Photo: Kim Kyung-Hoon/Reuters
 
A thick blanket of choking smog had cloaked Beijing over the weekend. On Tuesday, the concentration of PM 2.5 – harmful microscopic particles that penetrate deep into the lungs – soared as high as 598 micrograms per cubic meter.

This reading issued by the US embassy, dwarfs the maximum recommended by the World Health Organization which is just 25 micrograms per cubic meter over a 24-hour period. The Beijing air is “hazardous” by the standards of the US Environmental Protection Agency. According to the EPA, readings of above 300 are “extremely rare” in their country and typically are seen only during major events such as forest fires.

Authorities in Beijing issued an orange alert and ordered the closure of 2,100 highly polluting factories, the state-run China Daily newspaper reported, and of course, advised citizens to stay indoors.

On Chinese social media, some people have questioned why the government have not issued the highest warning – a red alert – which would restrict the number of cars on the road and shut down schools completely.

Given the above scenario, Chinese President Xi Jinping is taking the stage in Paris for the UN Conference of Parties (COP21) summit, which aims to strike a deal to limit global warming.

Interestingly, I read that the Paris Climate Talks (November 30-December 11, 2015) will emit 300,000 tons of CO2. I sure hope the talks are worth it!

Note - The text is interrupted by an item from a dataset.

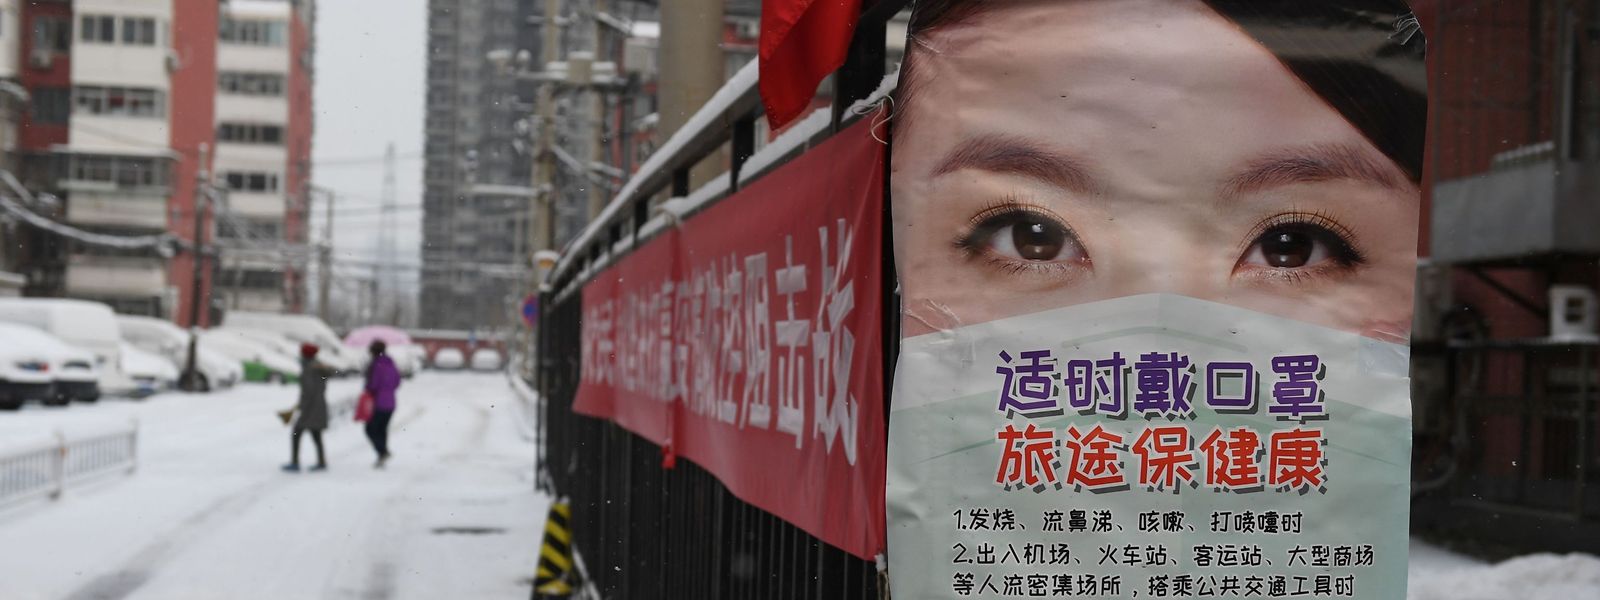 In China informieren Poster die Bürger, wie sie sich vor einer Infektion mit dem Coronavirus schützen können.

I am not putting my hopes up though. I don’t even believe that the one hundred and ninety-five governments are entertaining any illusions whatsoever that there will be concrete commitments in Paris. It will be all talk and no action. As usual.

Just look at China. In case you didn’t know, China are the world's worst polluters. Their cities are swathed in smog, the water is polluted and the economy is hugely reliant on coal, the dirtiest form of energy.

And yesterday, a devastating Global Warming Policy Foundation report by Patricia Adams had said in so many words that China do not intend to sacrifice economic growth by reducing their carbon dioxide emissions.

[Note: Adams, an economist and executive director of Toronto-based Probe International, and she has been working with the Chinese environmental movement since the mid-Eighties – she is recognized as one of the West’s leading experts on the Chinese environmental economy].

Yet being the optimist that I am, I continue to hope. Still, there is this nagging feeling that I am going to be disappointed again.

On Wednesday evening, I was in KL’s Jalan Imbi to deliver my CC#4 titled “From India with Love”. I was voted Best Speaker and indeed, it was a good speech! And a good meeting too!